Unnamed: 0,frankfurter,sausage,liver loaf,ham,meat,finished products,organic sausage,chicken,turkey,pork,...,candles,light bulbs,sound storage medium,newspapers,photo/film,pot plants,flower soil/fertilizer,flower (seeds),shopping bags,bags
0,False,False,False,False,False,False,False,False,False,False,...,False,False,False,False,False,False,False,False,False,False
1,False,False,False,False,False,False,False,False,False,False,...,False,False,False,False,False,False,False,False,False,False
2,False,False,False,False,False,False,False,False,False,False,...,False,False,False,False,False,False,False,False,False,False
3,False,False,False,False,False,False,False,False,False,False,...,False,False,False,False,False,False,False,False,False,False
4,False,False,False,False,False,False,False,False,False,False,...,False,False,False,False,False,False,False,False,False,False


In [5]:
#download apriori from mlxtend library
from mlxtend.frequent_patterns import apriori

#fair warning - this was initially very memory-intensive to run (not sure why)
frequent_itemsets = apriori(df, min_support=0.001, use_colnames=True) #use apriori algorithm to obtain frequent itemsets

In [7]:
frequent_itemsets.info() #13000 rows with 2 columns

<class 'pandas.core.frame.DataFrame'>
RangeIndex: 13492 entries, 0 to 13491
Data columns (total 2 columns):
support     13492 non-null float64
itemsets    13492 non-null object
dtypes: float64(1), object(1)
memory usage: 210.9+ KB


In [8]:
frequent_itemsets.head()
#observations: what this is saying is that sausage has a support of about 9%, etc.

Unnamed: 0,support,itemsets
0,0.058973,(frankfurter)
1,0.09395,(sausage)
2,0.005084,(liver loaf)
3,0.026029,(ham)
4,0.025826,(meat)


In [10]:
#let's check the end of the frequent_itemsets
frequent_itemsets.tail()
#observations: notice that these itemsets have more items in them

Unnamed: 0,support,itemsets
13487,0.001118,"(whipped/sour cream, root vegetables, yogurt, ..."
13488,0.001322,"(root vegetables, yogurt, tropical fruit, othe..."
13489,0.001017,"(root vegetables, yogurt, oil, tropical fruit,..."
13490,0.001118,"(root vegetables, yogurt, tropical fruit, othe..."
13491,0.001017,"(domestic eggs, yogurt, tropical fruit, other ..."


In [11]:
frequent_itemsets.sort_values(by=['support'], ascending=False).head()
#observations: whole milk has the highest support (i.e., most prevalent itemset out of all the transactions)

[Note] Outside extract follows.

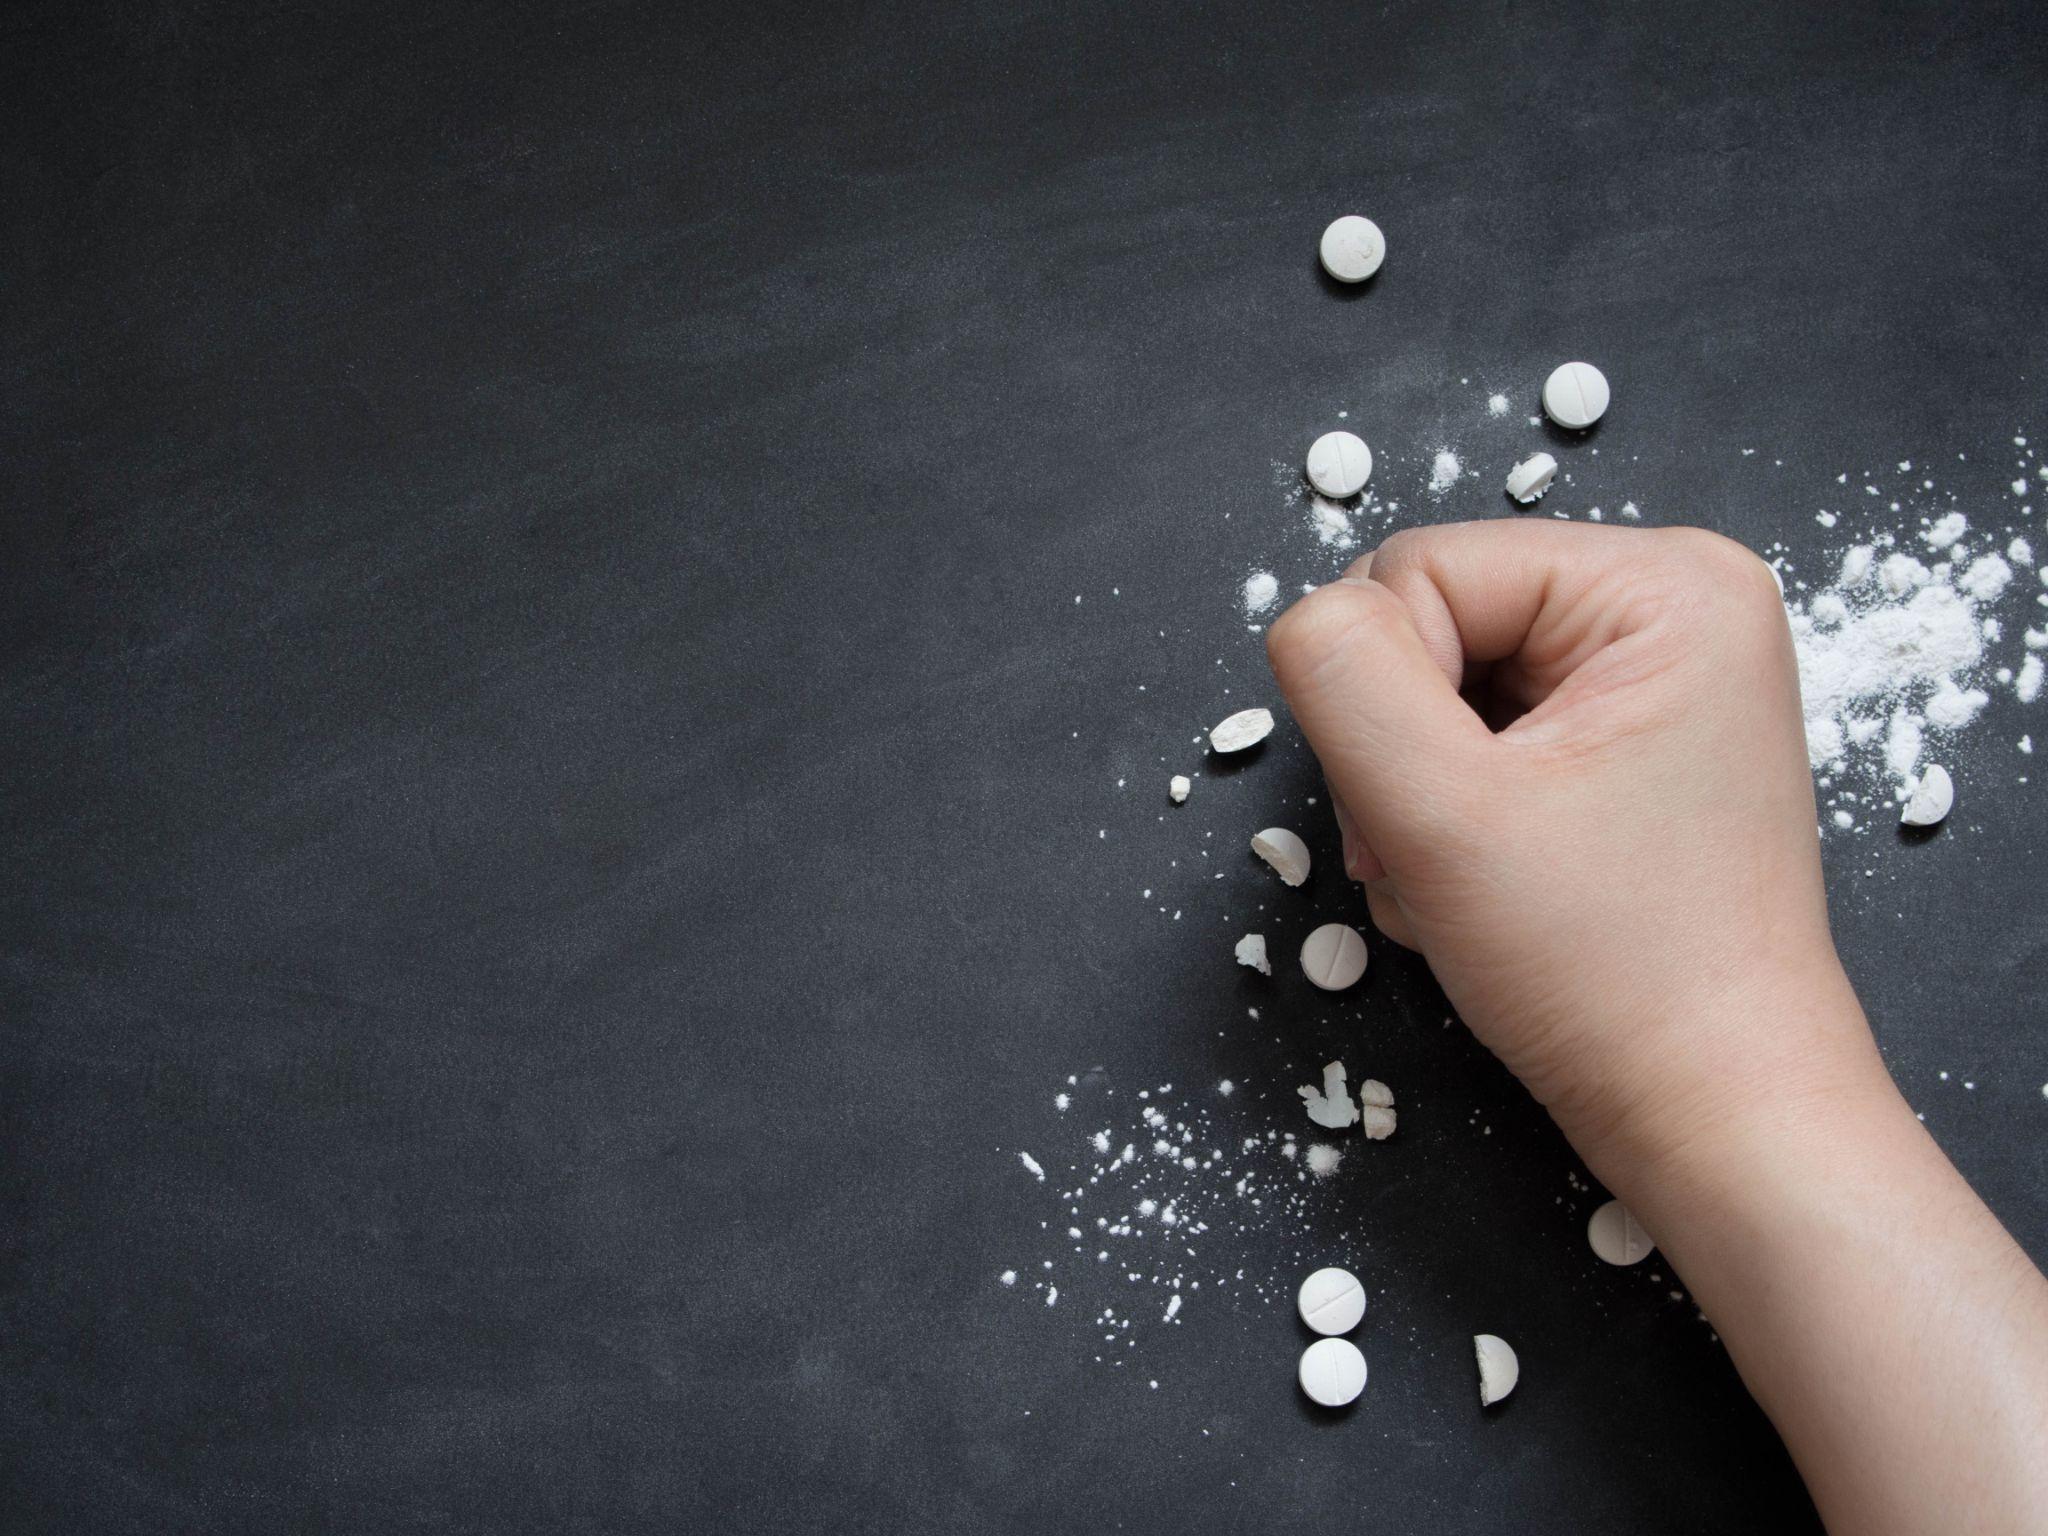 Human hands crushing white pills

Unnamed: 0,support,itemsets
24,0.255516,(whole milk)
22,0.193493,(other vegetables)
53,0.183935,(rolls/buns)
99,0.174377,(soda)
29,0.139502,(yogurt)


In [15]:
#we are typically most interested in itemsets with multiple items in them (so we can find some sort of meaninful relation!)...

frequent_itemsets.iloc[0,1] #observe - this identifies a specific line from our df

frozenset({'frankfurter'})

In [16]:
len(frequent_itemsets.iloc[0,1]) #observe - this identifies the length of that line

1

In [17]:
#create a length feature for our df
frequent_itemsets['length'] = frequent_itemsets['itemsets'].apply(lambda x: len(x))

In [18]:
#preview our df
frequent_itemsets.head()

Unnamed: 0,support,itemsets,length
0,0.058973,(frankfurter),1
1,0.09395,(sausage),1
2,0.005084,(liver loaf),1
3,0.026029,(ham),1
4,0.025826,(meat),1


In [21]:
#now let's filter our frequent_itemsets df to cases where there were multiple items in the itemsets (i.e., len =2) and 
#that were pretty prevalent (i.e., support >= 0.02)

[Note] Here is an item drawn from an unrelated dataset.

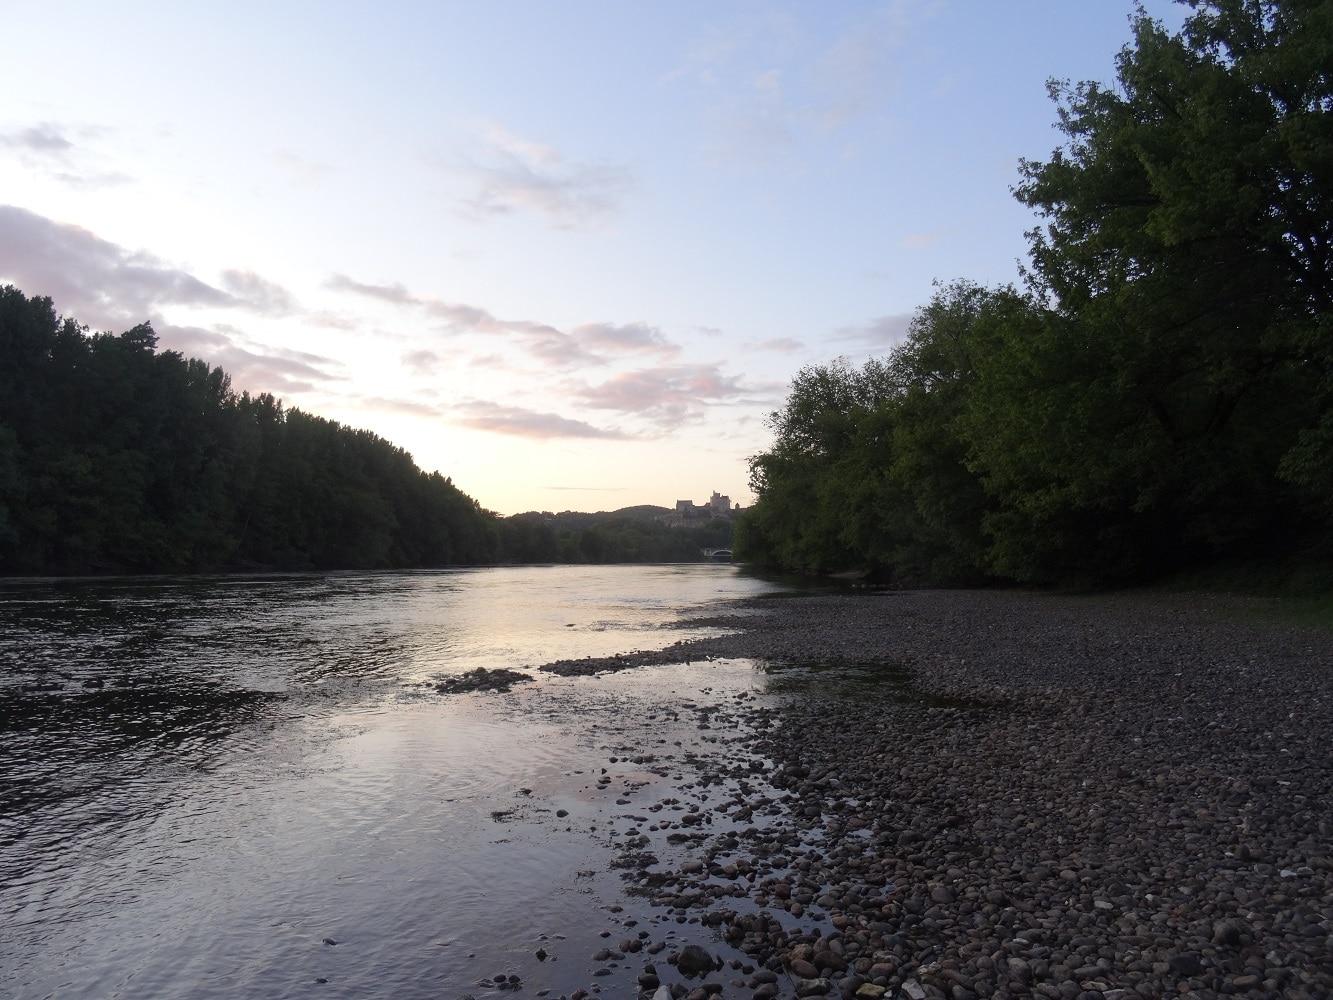 Plage de rivière sur la Dordogne

frequent_itemsets[(frequent_itemsets['length'] == 2) & (frequent_itemsets['support'] >= 0.02)]

#observations: we've returned 61 rows - all of relatively prevalent paired itemsets

Unnamed: 0,support,itemsets,length
173,0.020539,"(frankfurter, whole milk)",2
255,0.026945,"(sausage, other vegetables)",2
257,0.029893,"(sausage, whole milk)",2
281,0.030605,"(sausage, rolls/buns)",2
303,0.024301,"(sausage, soda)",2
...,...,...,...
2387,0.024199,"(rolls/buns, bottled water)",2
2388,0.038332,"(soda, rolls/buns)",2
2524,0.021047,"(soda, pastry)",2
2856,0.028978,"(soda, bottled water)",2


In [22]:
#can search/isolate a specific itemset like this
frequent_itemsets[frequent_itemsets['itemsets'] == {'pastry', 'soda'}]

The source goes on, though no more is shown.